Reputation: 1309
I'm trying to create (or do nothing if the node already exists) 1000+ nodes that are very large in the sense of the amount of data I'm storing as properties on each. The properties for each node are like:
props: {
'HPSI0713i-aehn_2_QC1Hip-839.HPSI0813i-ffdb_3_QC1Hip-1.1': ['19','26','1.00','QC1Hip-839'],
[... 1431 more like this ...]
}
and take up about 650K if I store the data in a text file.
If I create a node (using MERGE and a constrained unique property to not do anything if it already exists) with properties like these it is taking 20-40 seconds per node.

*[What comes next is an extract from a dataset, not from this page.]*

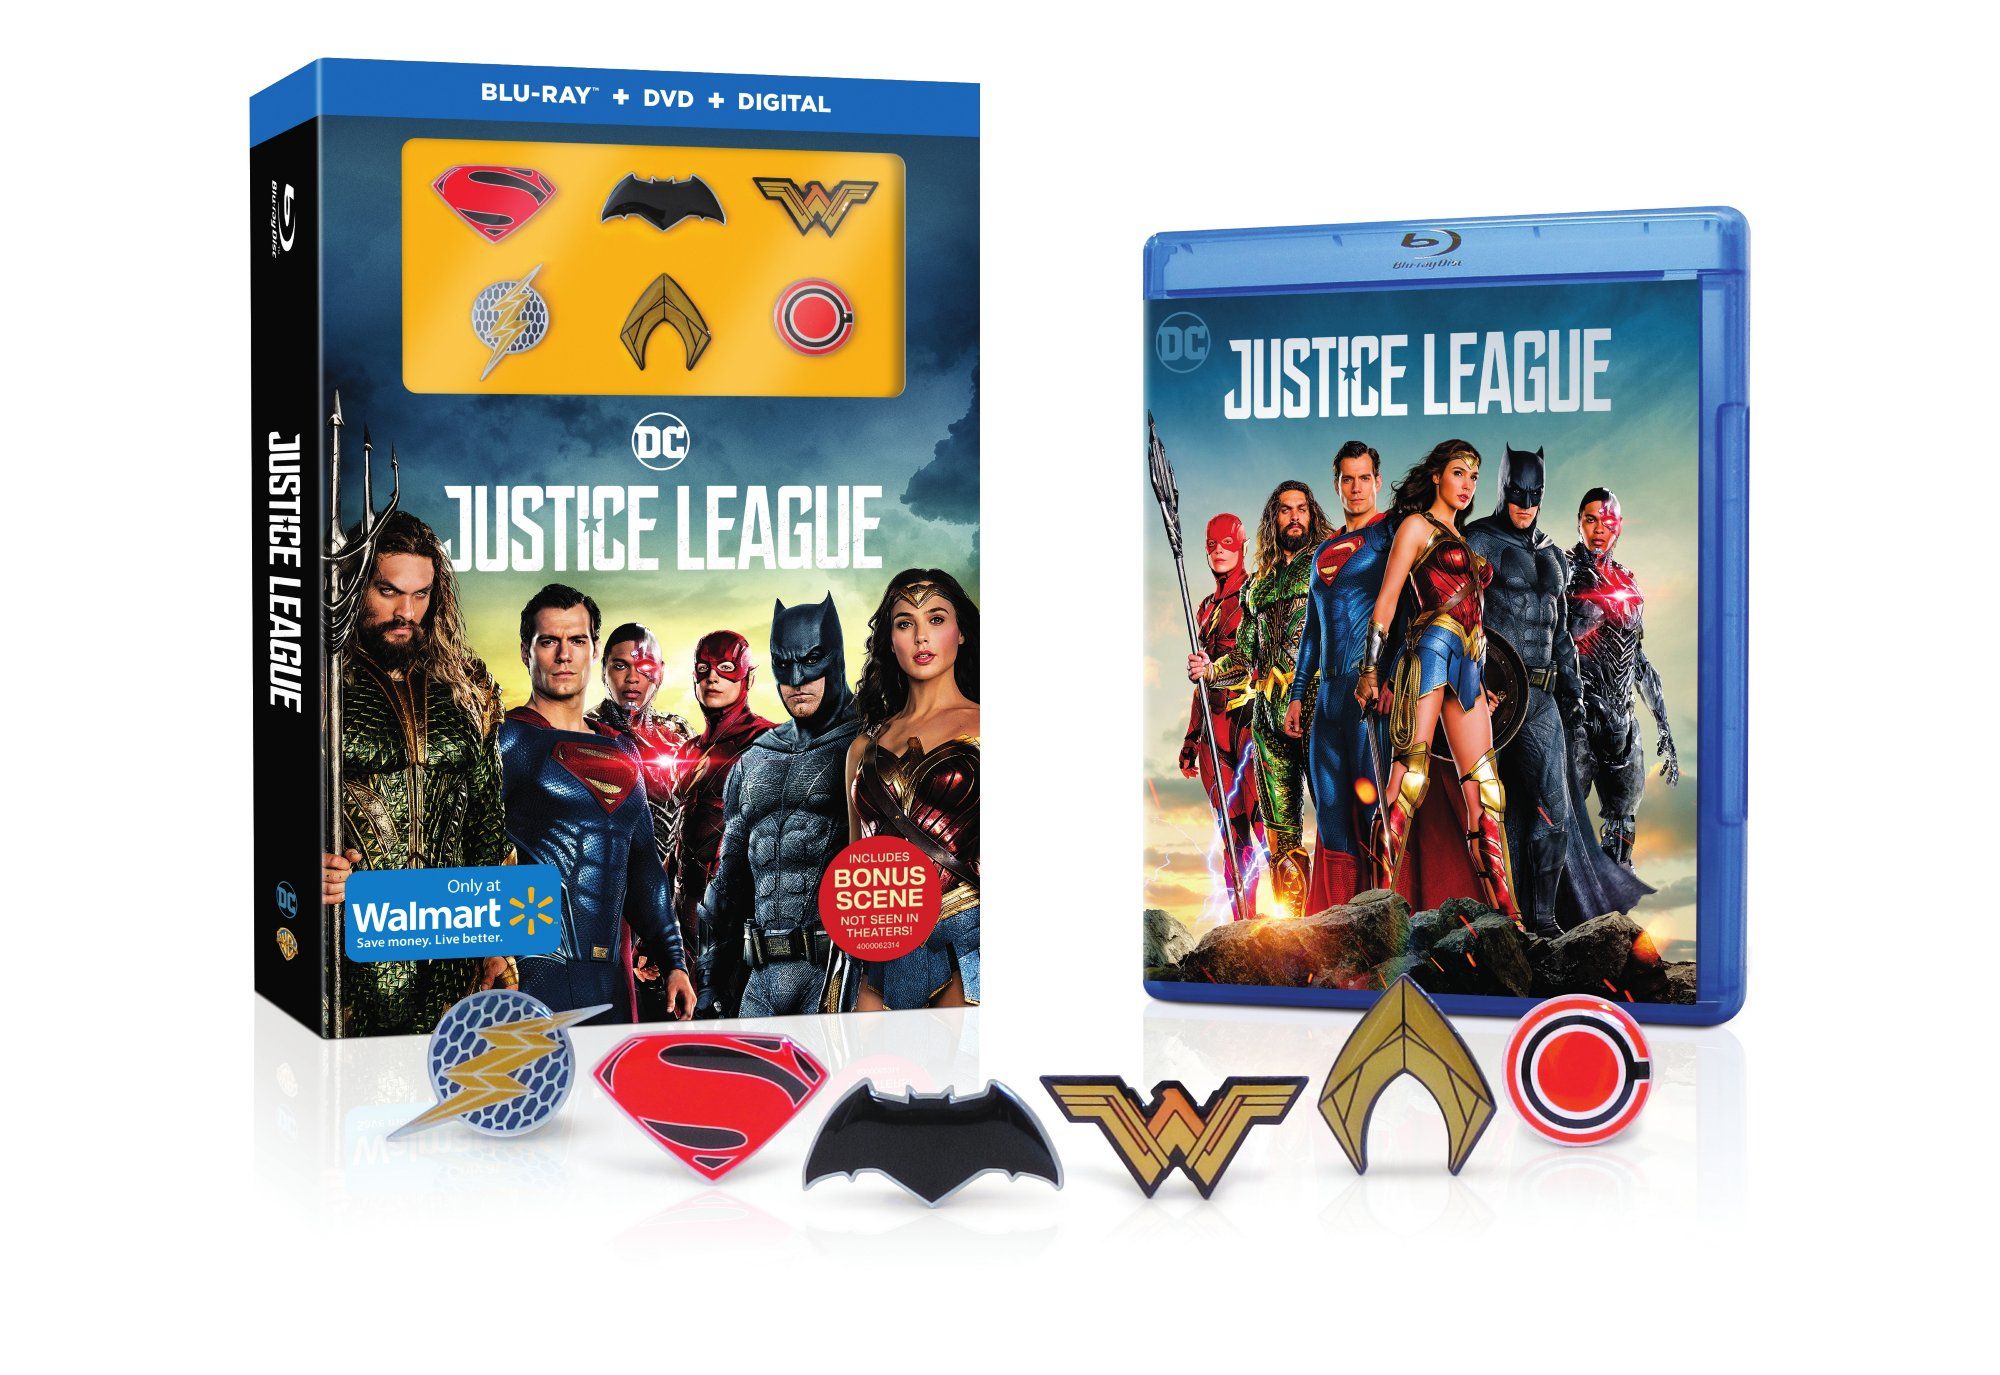 Blu-ray da Liga da Justiça apresenta cena bônus não exibida nos cinemas
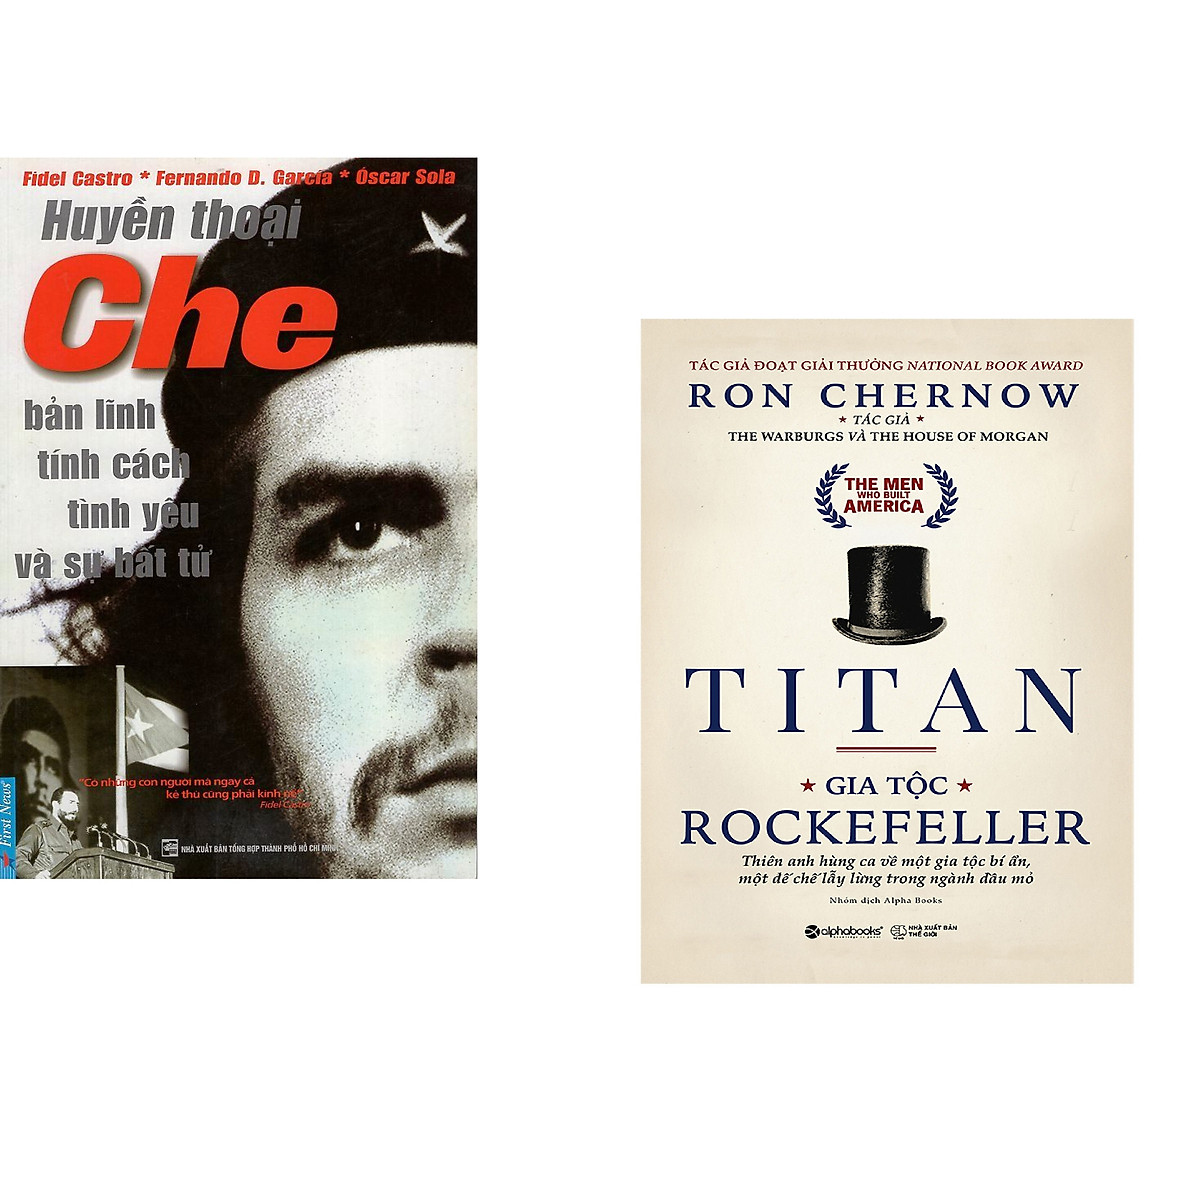 Combo 2 cuốn sách: Huyền Thoại Che - Bản Lĩnh Tính Cách Tình Yêu & Sự Bất Tử + Titan - Gia Tộc Rockefeller

To debug I split up the node creation from setting the properties, creating the node first, getting the node id back, then matching that id to set properties. Node creation is as fast as expected. Here's my debugging of setting properties:
will run cypher: MATCH (n) WHERE id(n) = 198058 SET n = { props } return n
- setting 1432 new properties to node with unique property 88aa3f215e73daea9bf65147e630cbd7_QC1Hip-1 took 19 seconds
will run cypher: MATCH (n) WHERE id(n) = 198059 SET n = { props } return n
- setting 1432 new properties to node with unique property 88aa3f215e73daea9bf65147e630cbd7_QC1Hip-10 took 22 seconds
One odd thing I've noticed during debugging is if I delete these nodes like so:
MATCH (n:`labelforthesenodes`) OPTIONAL MATCH (n)-[r]-() DELETE n, r
If I try adding them again it's fast for the nodes I've previously done, then slow again for nodes I haven't:
will run cypher: MATCH (n) WHERE id(n) = 198063 SET n = { props } return n
- setting 1432 new properties to node with unique property 88aa3f215e73daea9bf65147e630cbd7_QC1Hip-1 took 0 seconds
will run cypher: MATCH (n) WHERE id(n) = 198064 SET n = { props } return n
- setting 1432 new properties to node with unique property 88aa3f215e73daea9bf65147e630cbd7_QC1Hip-10 took 1 seconds
will run cypher: MATCH (n) WHERE id(n) = 198068 SET n = { props } return n
- setting 1432 new properties to node with unique property 88aa3f215e73daea9bf65147e630cbd7_QC1Hip-1016 took 24 seconds
What can be done to speed this operation up? At the moment I have a simple loop that creates/sets properties on a single node each time, so it would take at least 6hrs to create my 1000 nodes.
Upvotes: 0
Views: 499
Reputation: 1309
I solved the performance issue by, instead of setting 1000+ properties each with a value of an array of values, setting a single property with a value of my entire data structure converted to a JSON string.
Now it takes ~0 seconds to create/update my nodes, instead of 20+.
Evidently there's some performance bottle neck in Neo4J dealing with adding lots of (unindexed) properties to a node.
Upvotes: 0
Reputation: 1778
As you are dealing with fairly large datasets, I suggest you should have a look into Batch insertion instead of creating single node at a time.
In case of updating, you could maintain a dictionary of nodes instead of updating the database every now and then as creating/updating nodes into the database takes significantly more time than modifying the dictionary. When all the node related modifications are over, you can finally send the entire dictionary for batch insertion
Upvotes: 0